I am struggling trying convert a dataframe containing multiple datetime columns into a version with a daterange.
A smaller example would look somewhat like this:
So from:
key date_upgrade1 date_upgrade2
0 key1 2020-07-31 2020-08-31
1 key2 2020-05-31 NaT
to:
month key upgrade1 upgrade2
0 2020-06-01 key1 0 0
1 2020-07-01 key1 0 0
2 2020-08-01 key1 1 0
3 2020-09-01 key1 1 1
4 2020-06-01 key2 1 0
5 2020-07-01 key2 1 0
6 2020-08-01 key2 1 0
7 2020-09-01 key2 1 0
where upgrade1 and upgrade 2 are "0" if the upgrade has not yet been done and "1" if the upgrade was already performed.
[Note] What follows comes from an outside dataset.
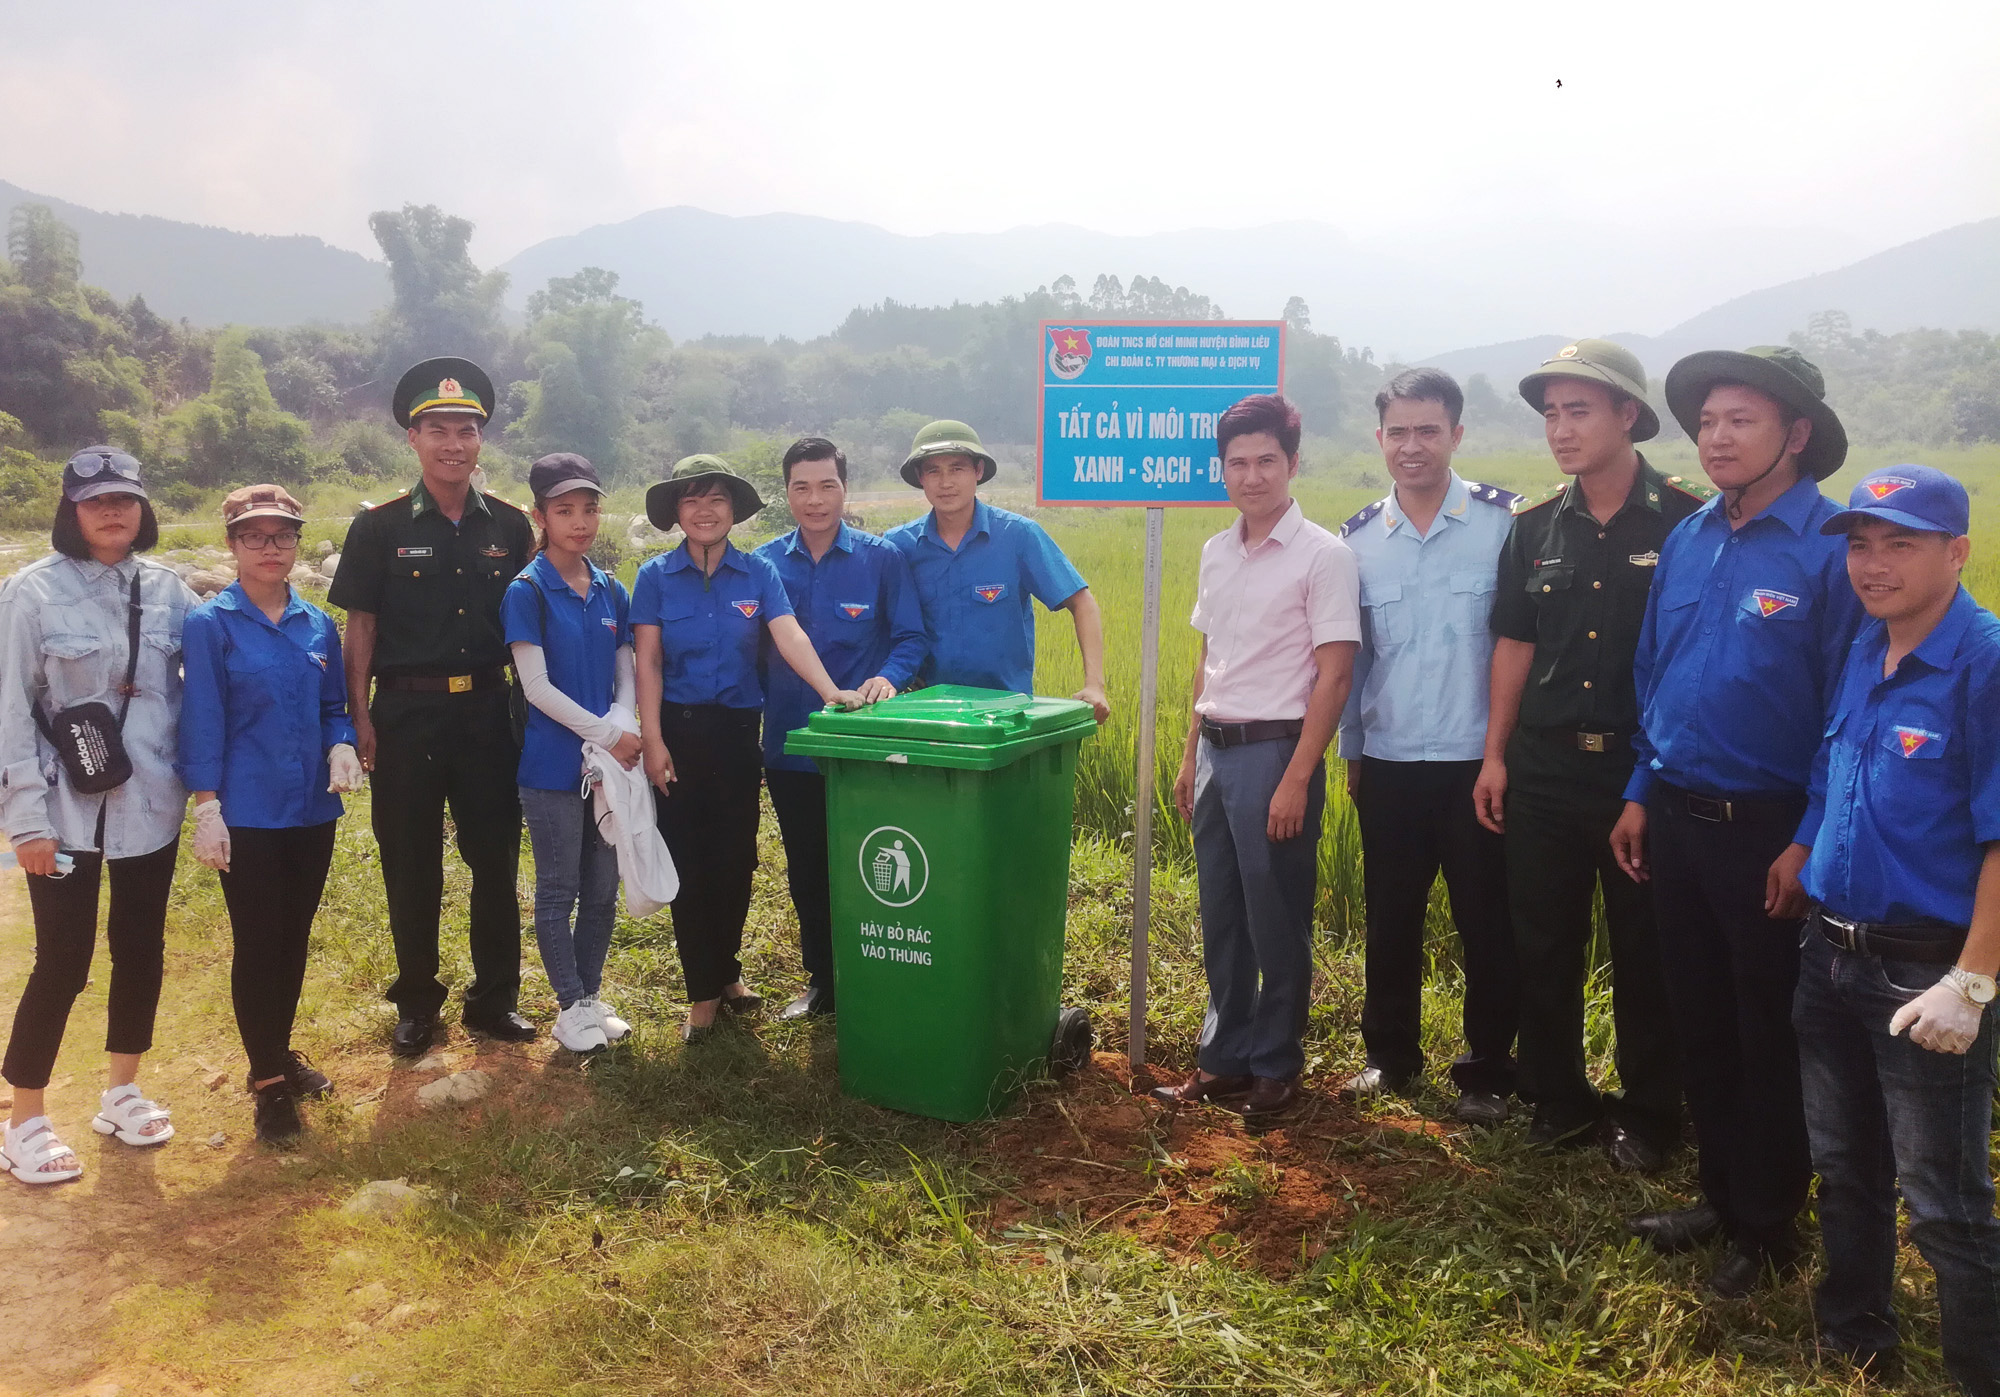 ĐVTN lắp đặt thùng rác và biển báo vệ sinh môi trường tại khu vực cột mốc biên giới 1320.

Actually, I am quite lost at the moment. I managed to create the empty date_range dataframe. But I am not sure how to duplicate it for multiple keys and change all values after the upgrade date to 1.
Any help is appreciated.
CodePudding user response:
Answered the question myself in the meantime:
df = [
df1.assign(month=t)
for t in pd.date_range(first_date, now, freq='MS')
]
df = pd.concat(df)
df.reset_index(drop=True, inplace=True)
df["upgrade1"] = df.month.gt(df.date_upgrade1).astype('int')
df["upgrade2"] = df.month.gt(df.date_upgrade2).astype('int')
with df1 defined as the upper DataFrame.